Dépité, le Rwanda a décidé de claquer la porte de la CEEAC, estimant rageusement que «le droit du Rwanda à la présidence rotative, tel que stipulé à l’article 6 du Traité (de la CEEAC, ndlr), a été délibérément ignoré pour imposer le diktat de la RDC». Dont acte.
En tout état de cause, le président Paul Kagame a cessé d’arborer sa prétentieuse et provocante allure du passé.
Mais un malheur ne vient jamais seul. Jeudi 6 juin 2025, le Congo-Brazzaville annonçait la fin du feuilleton de 12.000 hectares de terres prétendument agricoles cédées à des entreprises – prête noms du Front Patriotique Rwandais au pays de Marien Ngouabi à proximité de la frontière commune avec la RDC. Le ministre de la Communication Thierry Moungalla, porte-parole du gouvernement brazza congolais, a annoncé l’annulation de ce contrat emphytéotique de cession de terres au Rwanda, pour «non-respect des clauses contractuelles prévoyant le démarrage des travaux au mois de décembre 2024». Mais à Brazzaville comme à Kinshasa, «tout le monde» sait qu’en réalité, cette cession sui generis de terres à un Etat engagé dans une agression militaire caractérisée contre le «grand voisin d’en face».
L’opinion publique dans les deux Congo trouvait suspect l’intérêt des massacreurs-pillards rwandais pour l’agriculture à la frontière Ouest de la RDC. D’où les pressions sur Brazzaville qui semblent avoir fait réagir le président Sassou Nguesso.

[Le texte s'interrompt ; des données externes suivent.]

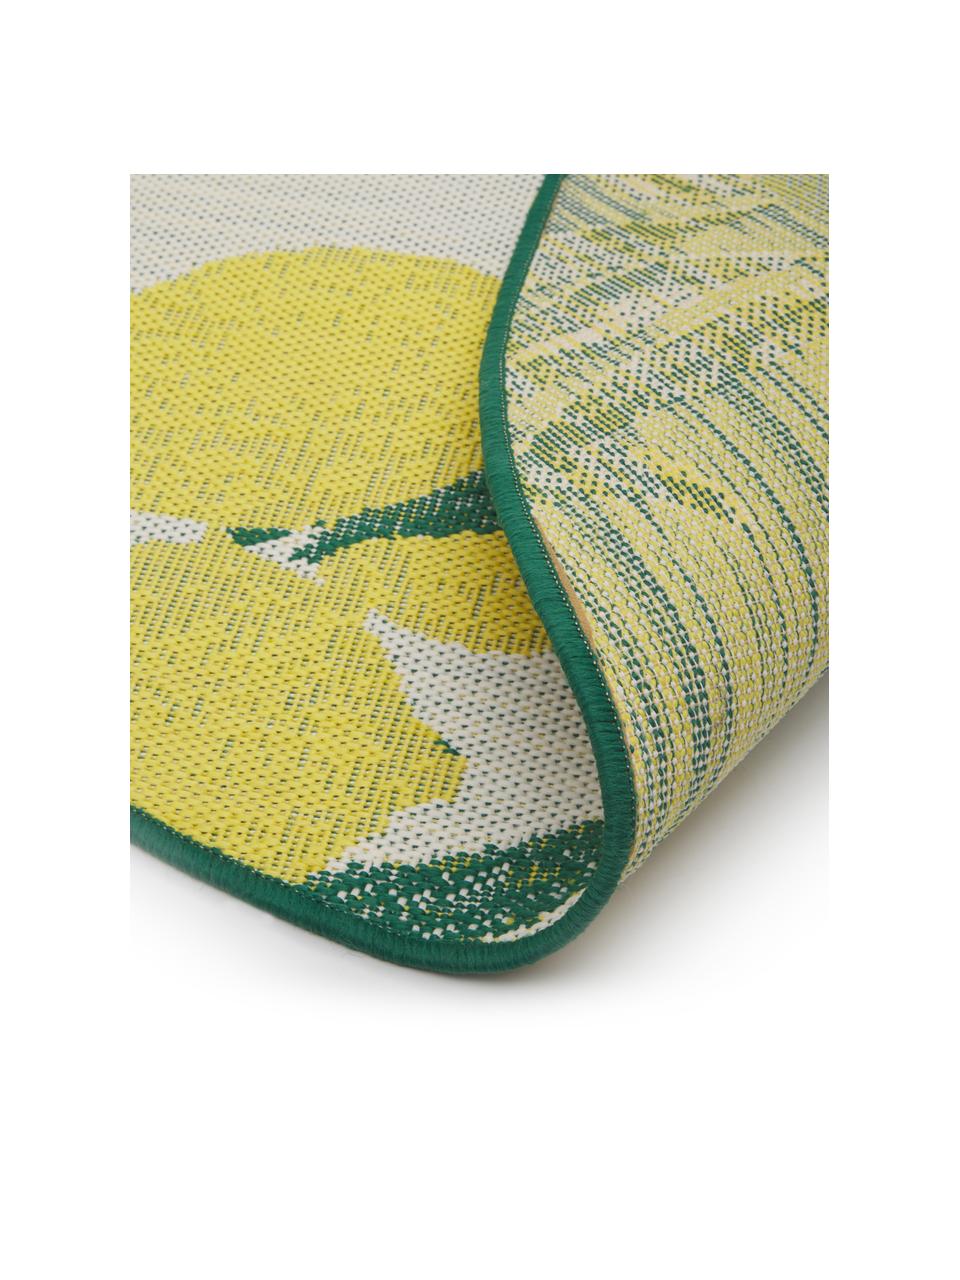 Vnitřní a venkovní koberec s potiskem s citróny Limonia, 86 % polypropylen, 14 % polyester, Bílá, žlutá, zelená, Ø 140 cm (velikost M)
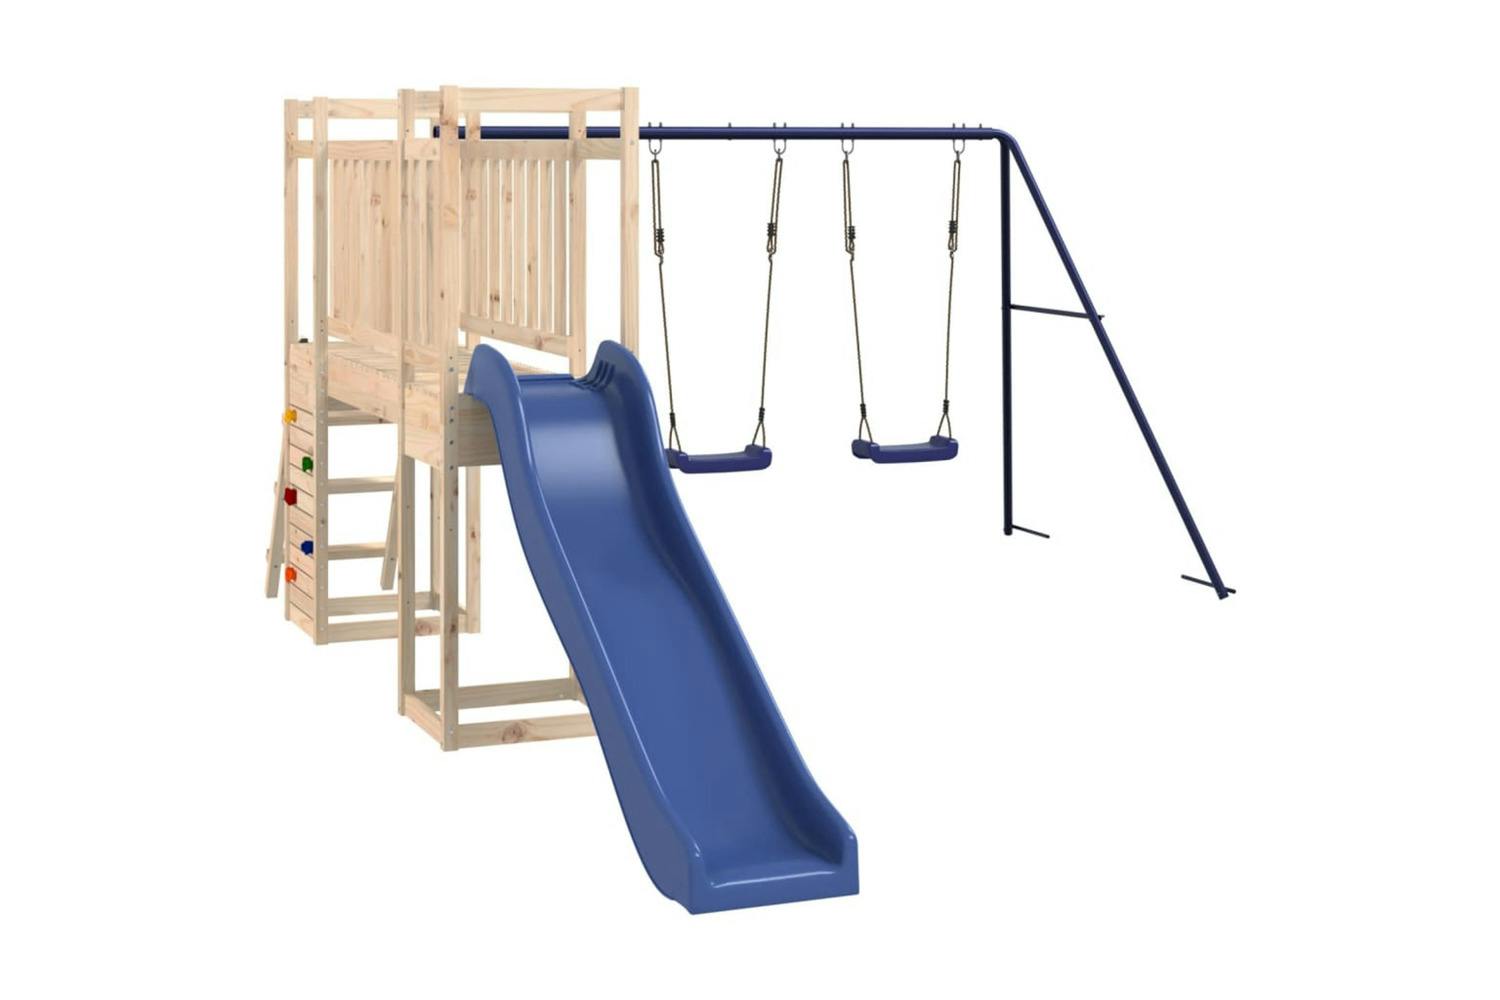 Vidaxl 3155930 Playhouse With Slide Ladder Swings Solid Wood Pine
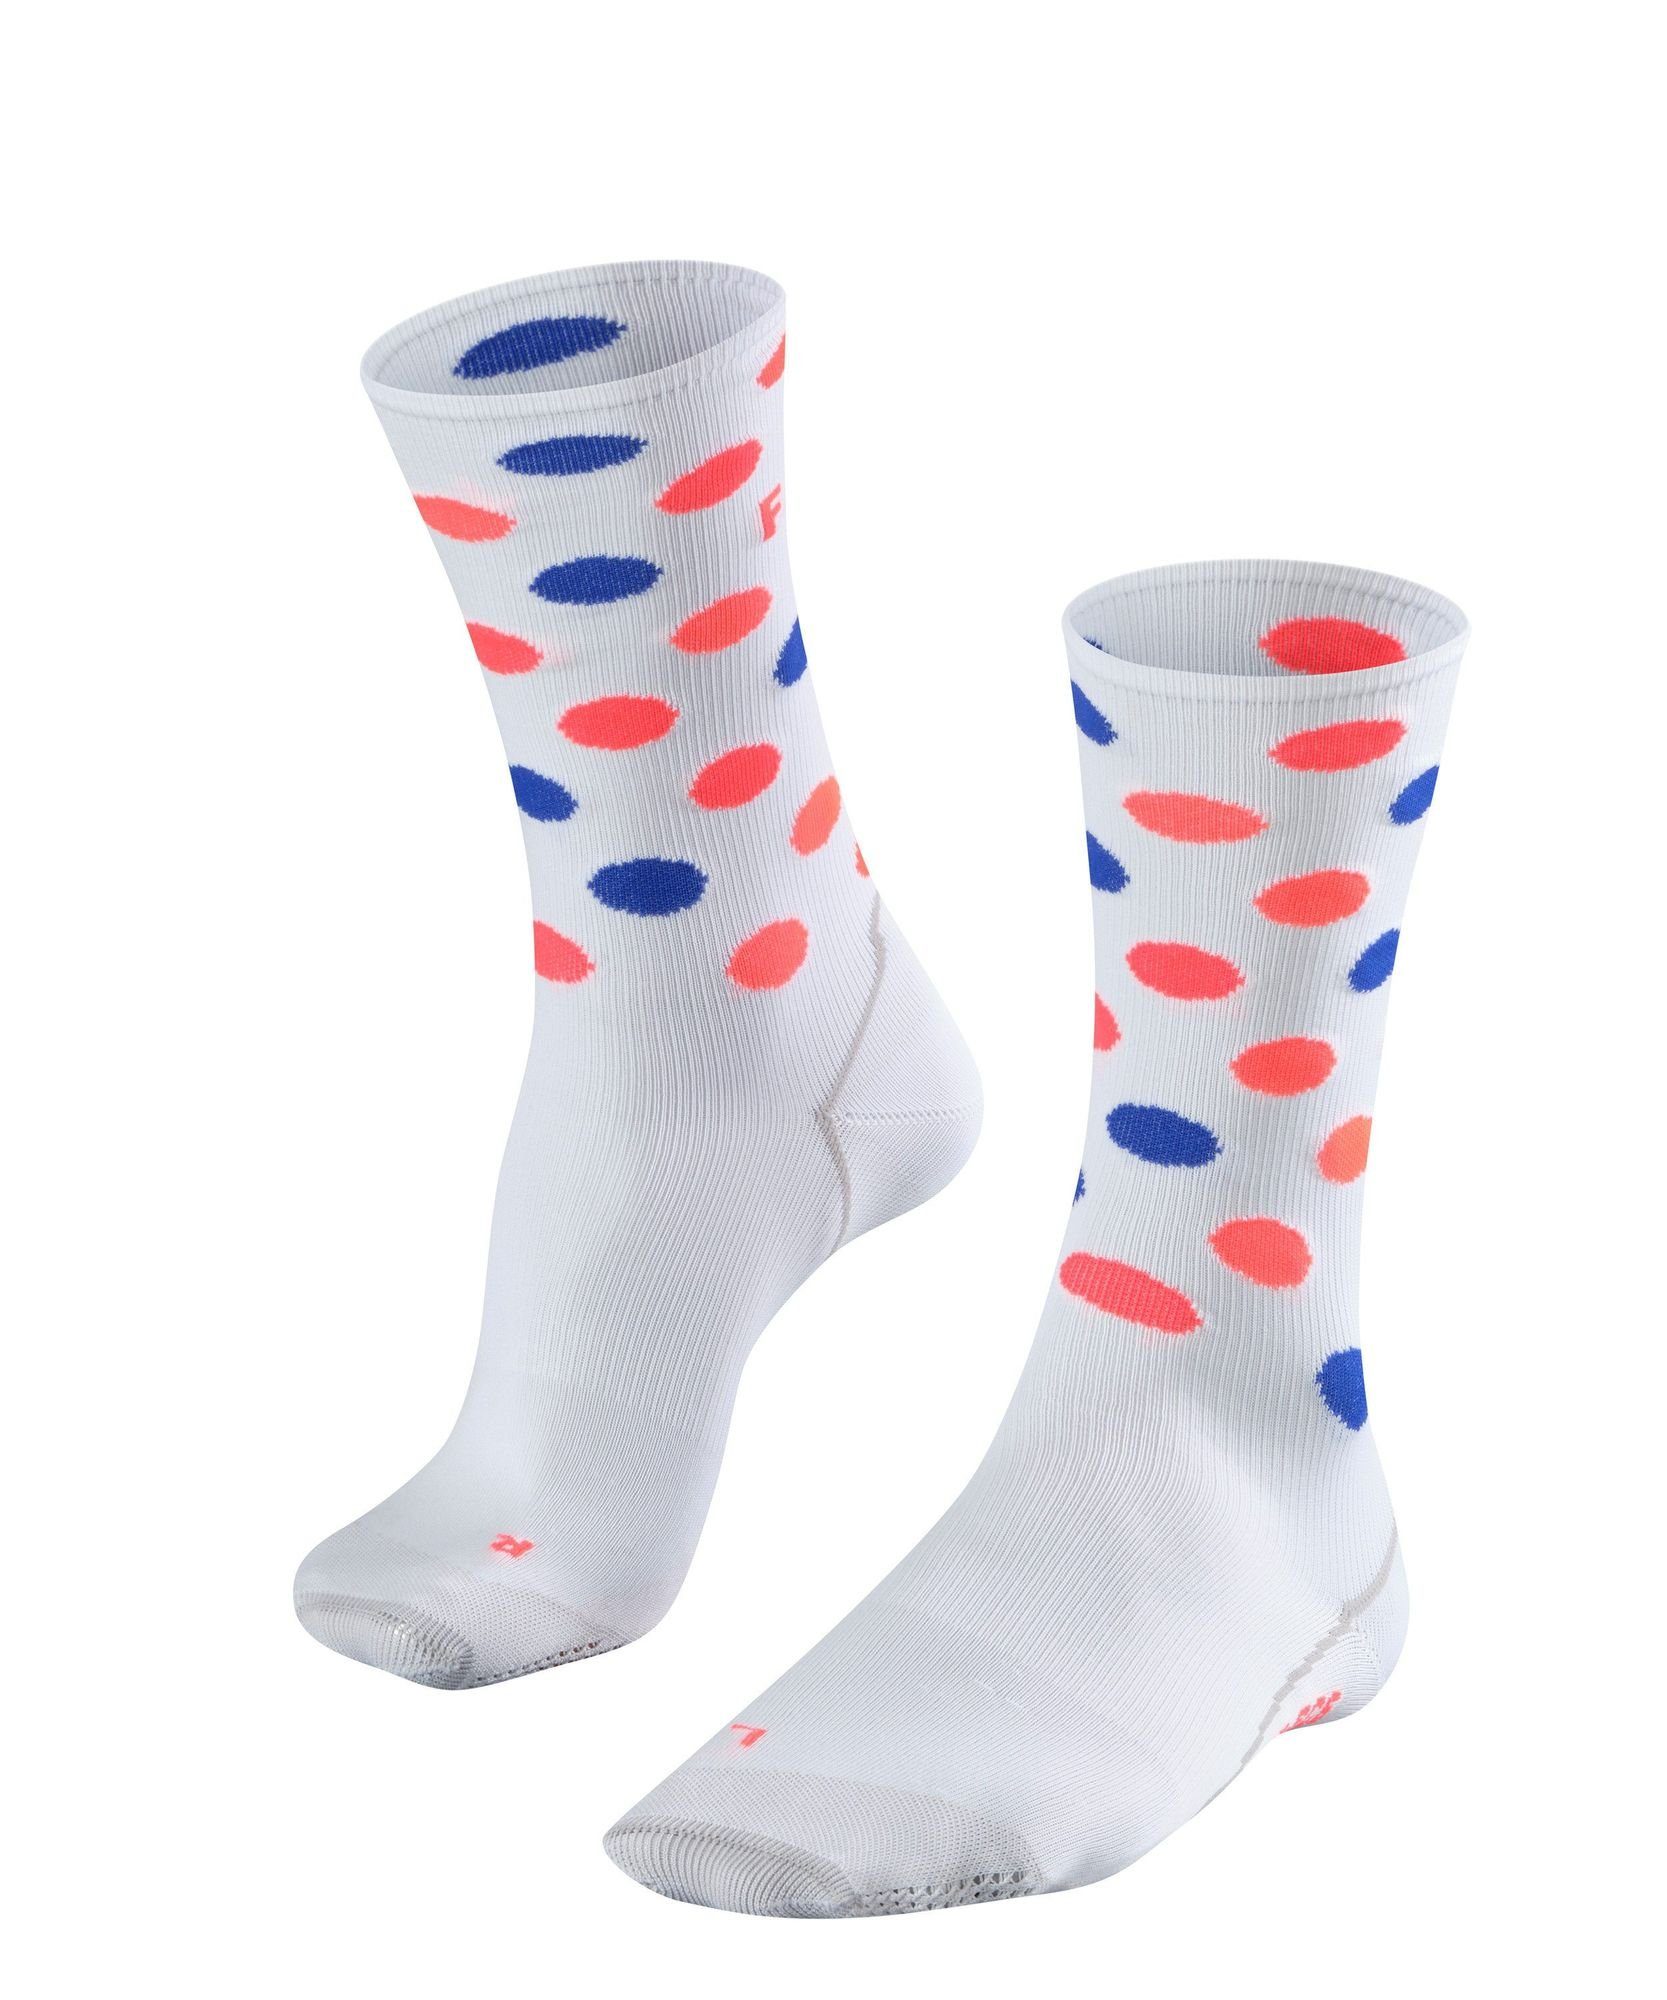 FALKE Socken Falke BC Impulse Dots weiss-blau-rot Socken Unisex

Si on ajoute les réserves exprimées par le nouveau président mozambicain Daniel Francisco Chapo à l’égard des casques bleus rwandais dans ce pays de la SADC, la succession des contre-performances de la diplomatie de Paul Kagame, que l’on avait connu en d’autres temps plus efficace apparaît comme un effet boomerang. Tout se passe comme si la souveraineté arrachée à la RDC par divers artifices, notamment militaires et économiques, était en train d’être rapatriée vers ce pays tant meurtri.